I can't follow yet why we need that information. Wouldn't it be enough
to just track the number of set bits in the bitmap and start hinting
depending on that count? (there are false positives, but do we really care?)

> +			scan_hinting_bitmap(zonenum, free_pages);
> +		}
> +	}
> +}
> +
> +void page_hinting_enqueue(struct page *page, int order)
> +{
> +	if (hcb && order >= PAGE_HINTING_MIN_ORDER)
> +		bm_set_pfn(page);
> +	else
> +		return;
> +
> +	if (check_hinting_threshold()) {
> +		int cpu = smp_processor_id();
> +
> +		queue_work_on(cpu, system_wq, &hinting_work);
> +	}
> +}
>
Nitesh Narayan Lal June 4, 2019, 12:55 p.m. UTC | #3
On 6/3/19 3:04 PM, Alexander Duyck wrote:
> On Mon, Jun 3, 2019 at 10:04 AM Nitesh Narayan Lal <nitesh@redhat.com> wrote:
>> This patch introduces the core infrastructure for free page hinting in
>> virtual environments. It enables the kernel to track the free pages which
>> can be reported to its hypervisor so that the hypervisor could
>> free and reuse that memory as per its requirement.
>>
>> While the pages are getting processed in the hypervisor (e.g.,
>> via MADV_FREE), the guest must not use them, otherwise, data loss
>> would be possible. To avoid such a situation, these pages are
>> temporarily removed from the buddy. The amount of pages removed
>> temporarily from the buddy is governed by the backend(virtio-balloon
>> in our case).
>>
>> To efficiently identify free pages that can to be hinted to the
>> hypervisor, bitmaps in a coarse granularity are used. Only fairly big
>> chunks are reported to the hypervisor - especially, to not break up THP
>> in the hypervisor - "MAX_ORDER - 2" on x86, and to save space. The bits
>> in the bitmap are an indication whether a page *might* be free, not a
>> guarantee. A new hook after buddy merging sets the bits.
>>
>> Bitmaps are stored per zone, protected by the zone lock.
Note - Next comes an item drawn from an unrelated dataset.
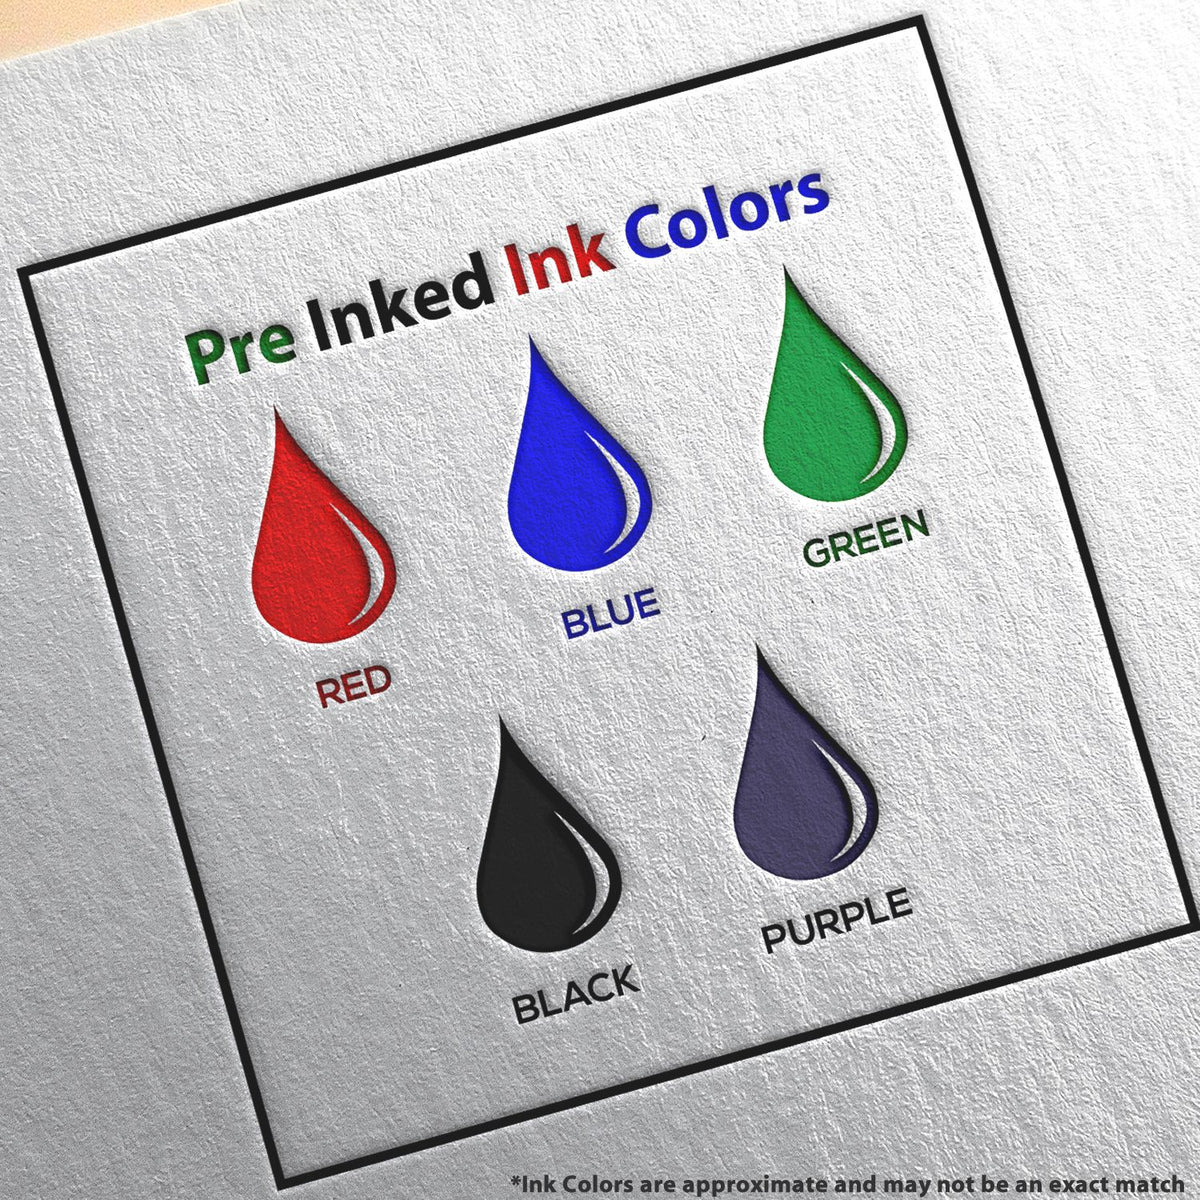 A picture showing the different ink colors or hues available for the Super Slim Minnesota Notary Public Stamp product.
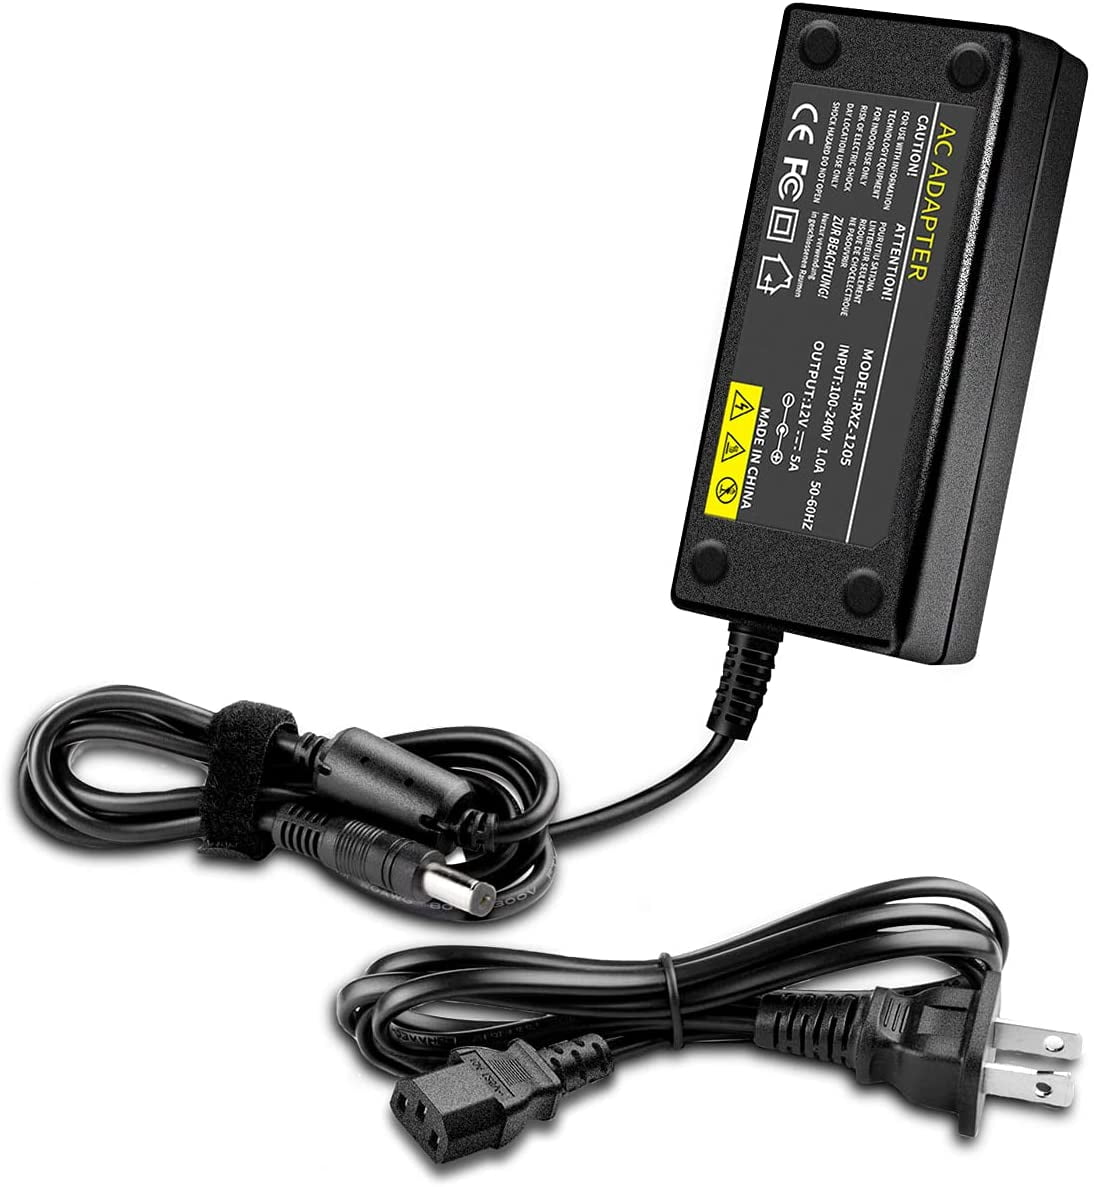 DC 12V 1A Power Supply Adapter Charger light for LED Strips for CCTV Camera SAA

A workqueue
>> asynchronously processes the bitmaps, trying to isolate and report pages
>> that are still free. The backend (virtio-balloon) is responsible for
>> reporting these batched pages to the host synchronously. Once reporting/
>> freeing is complete, isolated pages are returned back to the buddy.
>>
>> There are still various things to look into (e.g., memory hotplug, more
>> efficient locking, possible races when disabling).
>>
>> Signed-off-by: Nitesh Narayan Lal <nitesh@redhat.com>
> So one thing I had thought about, that I don't believe that has been
> addressed in your solution, is to determine a means to guarantee
> forward progress. If you have a noisy thread that is allocating and
> freeing some block of memory repeatedly you will be stuck processing
> that and cannot get to the other work. Specifically if you have a zone
> where somebody is just cycling the number of pages needed to fill your
> hinting queue how do you get around it and get to the data that is
> actually code instead of getting stuck processing the noise?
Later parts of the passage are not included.